La Corte internazionale dell’Aja ha dato parere favorevole al ricorso della Germania contro l’Italia stabilendo il blocco delle indennità alle vittime italiane dei crimini nazisti. Nella sentenza la Corte ha ribadito che queste sono in violazione dell’immunità legale internazionale ottenuta dalla Germania per i crimini commessi dal nazismo. Berlino aveva presentato ricorso contro la sentenza della Cassazione del 2008 per il risarcimento delle vittime del massacro nazista avvenuto il 29 giugno 1944 a Civitella, in Toscana. Il 29 giugno del 1944, i militari tedeschi uccisero uccisero 203 abitanti di Civitella, Cornia e San Pancrazio (Arezzo), sparando a donne, bambini, uomini e anziani, incluso il parroco. La Corte del’Aja ha accolto tutti i punti del ricorso presentato dalla Germania che accusava l’Italia e il suo sistema giudiziario di “venire meno ai suoi obblighi di rispetto nei confronti dell’immunità di uno stato sovrano come la Germania in virtù del diritto internazionale”. La Corte dell’Aja ha poi concordato con la richiesta di Berlino di “ordinare all’Italia di prendere tutte le misure necessarie” affinché le decisioni della giustizia italiana che contravvengono alla sua immunità siano prive d’effetto e che i suoi tribunali non pronunzino più sentenze su simili casi.
In sostanza il governo tedesco fa riferimento a quell’accordo bilaterale, siglato da Italia e Germania nel dopoguerra che archiviò tutte le indagini sui crimini nazisti e rinunciò a perseguirne i responsabili.
Recentemente lo storico tedesco Felix Bohr ha denunciato che ci sarebbero responsabilità ben precise in merito all’insabbiamento dei colpevoli, e queste andrebbero ricercate a Roma e a Berlino negli anni Cinquanta, quando fece comodo sia alla Dc in Italia, sia al cancelliere tedesco Adenauer non voler perseguire i colpevoli e collaborare per evitare che i criminali nazisti responsabili fossero estradati e chiamati a rispondere delle loro rappresaglie davanti alla giustizia italiana. Gli unici due a finire alla sbarra per la strage alle Fosse Ardeatine furono solo Herbert Kappler ed Erich Priebke, ma i colpevoli, i mandanti e gli autori delle stragi naziste in Italia erano molti di più, solo che i loro dossier furono seppelliti dentro l’Armadio della Vergogna all’interno del Viminale. L’armadio venne girato con le ante verso il muro e per decenni nessuno ci mise le mani né fu messo nelle condizioni di farlo.

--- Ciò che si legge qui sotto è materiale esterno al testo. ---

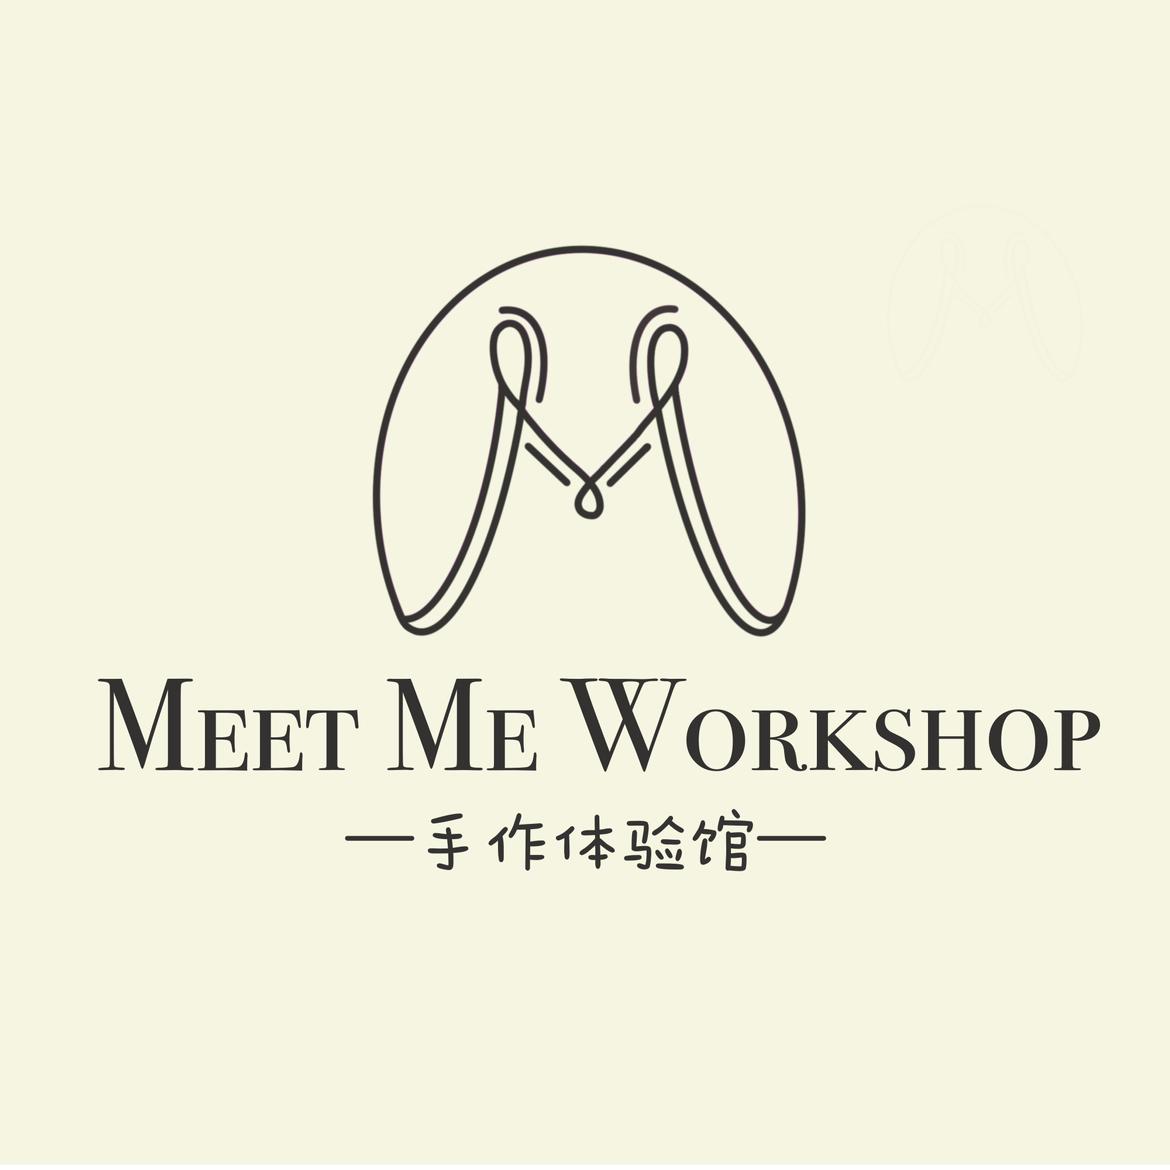 MeetMe Workshop

Bohr, in una lunga ricostruzione pubblicata sul settimanale tedesco Der Spiegel, ha dimostrato come il governo di Roma abbia in quegli anni contribuito all’insabbiamento per evitare per il processo ai vertici nazisti potesse fungere da esempio per Paesi che avrebbero così potuto chiedere all’Italia di estradare gli italiani che hanno commesso crimini di guerra (in Jugoslavia ad esempio). Tra le fonti consultate dallo storico l’immenso patrimonio dell’Archivio politico dell’Auswaertiges Amt (AA), il ministero degli Esteri tedesco. Bohr avrebbe in particolare messo le mani su una singolare corrispondenza intercorsa nel 1959 tra l’ambasciata tedesca a Roma e il ministero degli Esteri tedesco, dal quale sarebbe emersa la volontà di Berlino e Roma di sottrarre al giudizio i criminali nazisti. Vi sarebbe persino un testo in cui l’allora consigliere d’ambasciata tedesco, Kurt von Tannstein (iscritto sin dal 1933 al partito nazista) avrebbe sostenuto che l’obiettivo era quello di “addormentare” le indagini sui fatti del marzo ’44. Il governo italiano non voleva inimicarsi i rapporti con la Germania di Konrad Adenauer, saldo alleato della Nato e quindi partner nella campagna anticomunista. La ricerca di Bohr avrebbe poi evidenziato la inconsistenza dell’affermazione tedesca secondo cui sarebbe stato impossibile trovare il luogo di residenza dei presunti responsabili. Bohr avrebbe dimostrato infatti che in molti casi sarebbe stato molto facile rintracciare i criminali coinvolti con l’eccidio delle Fosse Ardeatine. Solo per fare un esempio Carl-Theodor Schuetz, che aveva comandato il plotone di esecuzione, continuava a lavorare per i servizi segreti tedeschi. Kurt Winden, colui che secondo la testimonianza di Kappler aveva preso parte alla scelta degli ostaggi da fucilare, lavorava nel 1959 alla Deutsche Bank a Francoforte. Oppure il caso del criminale nazista Karl Hass, arruolato dai servizi segreti miliari Usa nel dopoguerra, che agì e abitò in Italia per molti anni.